Storage plugins use CIRQuery to retrieve data from backends.
pkg/models/storage.go:91
type CIRQuery struct {
    EntityType string          `json:"entity_type"`
    Filters    []CIRCondition  `json:"filters"`
    OrderBy    []OrderByClause `json:"order_by"`
    Limit      int             `json:"limit"`
    Offset     int             `json:"offset"`
}

type CIRCondition struct {
    Attribute string      `json:"attribute"`
    Operator  string      `json:"operator"` // eq, neq, gt, gte, lt, lte, in, like
    Value     interface{} `json:"value"`
}
{
  "entity_type": "Customer",
  "filters": [
    {
      "attribute": "status",
      "operator": "eq",
      "value": "active"
    }
  ],
  "order_by": [
    {"attribute": "created_at", "direction": "desc"}
  ],
  "limit": 100
}

Storage Operations

All storage plugins implement the StoragePlugin interface:
pkg/models/storage.go:28
type StoragePlugin interface {
    Initialize(config *PluginConfig) error
    CreateSchema(ontology *OntologyDefinition) error
    Store(cir *CIR) (*StorageResult, error)
    Retrieve(query *CIRQuery) ([]*CIR, error)
    Update(query *CIRQuery, updates *CIRUpdate) (*StorageResult, error)
    Delete(query *CIRQuery) (*StorageResult, error)
    GetMetadata() (*StorageMetadata, error)
    HealthCheck() (bool, error)
}
Store a CIR object in the backend:
result, err := plugin.Store(cir)
if err != nil {
    return fmt.Errorf("storage failed: %w", err)
}
Query and retrieve CIR objects:
query := &models.CIRQuery{
    EntityType: "Customer",
    Filters: []models.CIRCondition{
        {Attribute: "status", Operator: "eq", Value: "active"},
    },
    Limit: 100,
}

cirs, err := plugin.Retrieve(query)
Update existing CIR data:
update := &models.CIRUpdate{
    Filters: []models.CIRCondition{
        {Attribute: "id", Operator: "eq", Value: "123"},
    },
    Updates: map[string]interface{}{
        "status": "inactive",
        "updated_at": time.Now(),
    },
}

result, err := plugin.Update(query, update)
Delete CIR data matching query:
query := &models.CIRQuery{
    Filters: []models.CIRCondition{
        {Attribute: "created_at", Operator: "lt", Value: "2025-01-01"},
    },
}

result, err := plugin.Delete(query)

Best Practices

Always Set Source URI

Include a descriptive, unique URI for data lineage tracking.

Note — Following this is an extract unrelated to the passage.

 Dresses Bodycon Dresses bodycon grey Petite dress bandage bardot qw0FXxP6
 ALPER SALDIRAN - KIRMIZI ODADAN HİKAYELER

Use full URLs for APIs, absolute paths for files.

Preserve Original Format

Store the original format in Source.Format even after conversion. This aids in debugging and re-processing.

Include Parameters

Store ingestion parameters (HTTP headers, query filters, pagination state) for reproducibility.

Calculate Quality Metrics

Add quality metrics during ingestion to enable data quality monitoring and alerting.

Update Size

Call cir.UpdateSize() after modifying data to keep metadata accurate.

Validate Before Storage

Call cir.Validate() before passing to storage plugins to catch errors early.

Complete Example

{
  "version": "1.0",
  "source": {
    "type": "api",
    "uri": "https://api.ecommerce.example/v1/orders?page=1&limit=50",
    "timestamp": "2026-03-01T14:30:00Z",
    "format": "json",
    "parameters": {
      "method": "GET",
      "headers": {
        "Authorization": "Bearer ***",
        "User-Agent": "MimirAIP/1.0"
      },
      "status_code": 200,
      "response_time_ms": 342
    }
  },
  "data": [
    {
      "order_id": "ORD-2026-001",
      "customer_id": "CUST-789",
      "total": 149.99,
      "status": "shipped",
      "created_at": "2026-02-28T10:15:00Z"
    },
    {
      "order_id": "ORD-2026-002",
      "customer_id": "CUST-456",
      "total": 79.50,
      "status": "processing",
      "created_at": "2026-03-01T09:22:00Z"
    }
  ],
  "metadata": {
    "size": 1024,
    "encoding": "utf-8",
    "record_count": 2,
    "schema_inference": {
      "fields": [
        {"name": "order_id", "type": "string"},
        {"name": "customer_id", "type": "string"},
        {"name": "total", "type": "number"},
        {"name": "status", "type": "string"},
        {"name": "created_at", "type": "datetime"}
      ]
    },
    "quality_metrics": {
      "completeness": 1.0,
      "duplicate_count": 0,
      "validation_errors": 0
    }
  }
}

Next Steps

Storage Plugins

Learn how to implement custom storage plugins.

Pipeline Development

Create pipelines that produce and consume CIR data.

API Reference

Explore storage API endpoints.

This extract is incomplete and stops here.